Zu Hause angekommen konnte ich selbstverständlich ohne World Cup nicht weiter leben. Einen Tag später stand gleich der Klassiker Deutschland gegen England an. Der besaß dadurch noch Brisanz, da meine beste Neuseeland- Freundin eine Engländerin ist und wir eigentlich erst im Finale aufeinander treffen wollten. Das Spiel wurde mit Jenna und den zwei anderen deutschen Freiwilligen in einer Aucklander Bar um zwei Uhr morgens verfolgt, Fußball schauen in Neuseeland kann ganz schön schlaftötend sein. Es war nichtsdestotrotz ein einmaliges Erlebnis und es waren sogar ziemlich viele Deutsche in der Bar. Am Ende haben es alle Beteiligten überlebt und konnten ohne jegliche Kratzer im Gesicht die Bar verlassen. Eine Woche später waren wir zur gleichen Uhrzeit, am gleichen Ort. Nach dem Argentinien- Spiel lief Nenas „Neunundneunzig Luftballons“, mehr braucht man dazu nicht mehr sagen, die Kiwis waren von den Deutschen begeistert und tippten uns alle nun als Weltmeister. Da lagen ja nicht nur sie falsch. Der Donnerstagmorgen begann mit einer zu erwartenden Enttäuschung, denn Paul wusste es ja. Dieser verdammte Oktopus macht übrigens auch hier Schlagzeilen. Der erste Kommentar des Moderators nach dem WM- Finale heute Morgen: „Spain is World Champion and Paul the octopus has been right once again.” Wortlos. Wer ist nebenbei erwähnt die einzig ungeschlagene Mannschaft des WM- Turniers? Genau, richtig, Neuseeland. Dieser Fakt wurde heute selbstverständlich in jeder Nachrichtensendung dreiundzwanzig Mal wiederholt, good on ya mates.

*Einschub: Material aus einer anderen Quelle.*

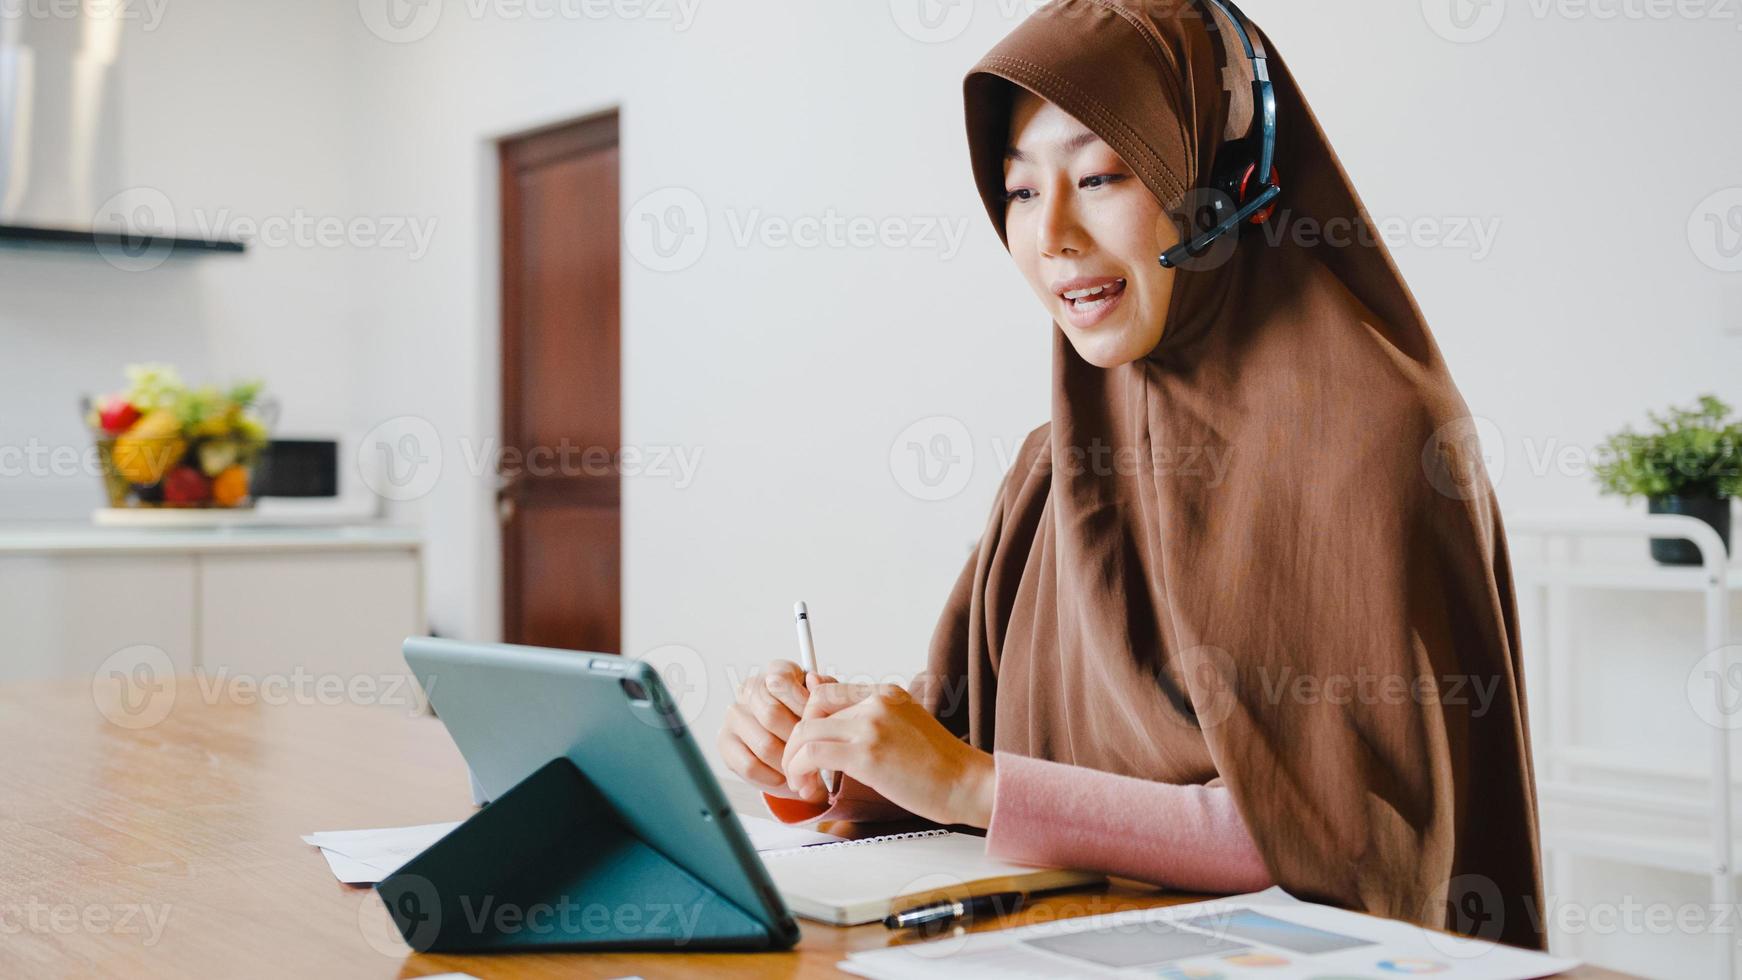 Asia dama musulmana usa auriculares con tableta digital, hable con sus colegas sobre el informe de venta en una videollamada de conferencia mientras trabaja desde casa en la cocina. distanciamiento social, cuarentena por coronavirus. foto

So, genug mit Fußball. Langsam wurde es auch einfach Zeit, dass die WM ein Ende hat. Was haben wir noch? Rugby. Och, nicht schon wieder Sport. Doch, da müssen wir jetzt durch und dann wird es etwas trauriger, ich mach es kurz. Am Samstag habe ich mir wohl meinen letzten Neuseelandtraum erfüllt. Ich bin mit den anderen drei Freiwilligen, einen Behinderten und dessen Vater zum Rugby- Spiel Neuseeland gegen Südafrika. Besser kann es im Rugby eigentlich nicht gehen, Südafrika ist aktueller Weltmeister und Neuseeland richtet die WM nächstes Jahr im eigenen Land aus und der ein oder andere würde wohl auf dieses Finale tippen. Somit war dieses Spiel der abschließende Höhepunkt eines fantastischen Jahres, die Spitze des Eisberges, die Rosine im Apfelstrudel, die Nadel im Heuhaufen oder einfach the icing on the cake. Keine Angst, ich werde euch jetzt nicht mit einer Erläuterung dieses Sports vom möglicherweise nötigen Toilettengang aufhalten, da ich das Spiel selber noch nicht einmal verstanden hat. Während ich euch Cricket halbwegs in ein paar Sätzen erläutern konnte, würde ich für Rugby fünf Tage benötigen und dann verpass ich wohlmöglich meinen Flieger. Ich bin nicht zum Rugby- Fan geworden, es ist einfach zu viel Gerangel, Geschubse und Gegrunze. Trotz alledem, Neuseeland won mit zweiundreißig zu zwölf und das war schon in der Deutlichkeit etwas überraschend. Bild:

All Blacks vs. Springbocks

Zu viele Abschiede

Das blöde an einem Jahr ist, dass es doch tatsächlich irgendwann rum ist und so befinde ich mich nun in den letzten Atemzügen meines Freiwilligen sozialen Jahres in Neuseeland. Viel schlimmer als das Vorrübergehen von dreihundertfünfundsechzig Tagen in einem Land ist, dass man in diesem Land Menschen kennen gelernt, die man doch nicht so einfach gehen lassen kann und das fällt besonders schwer. Ihr habt es erfasst, es herrscht die Zeit des Abschied Nehmens und dann fangen wir doch mal an.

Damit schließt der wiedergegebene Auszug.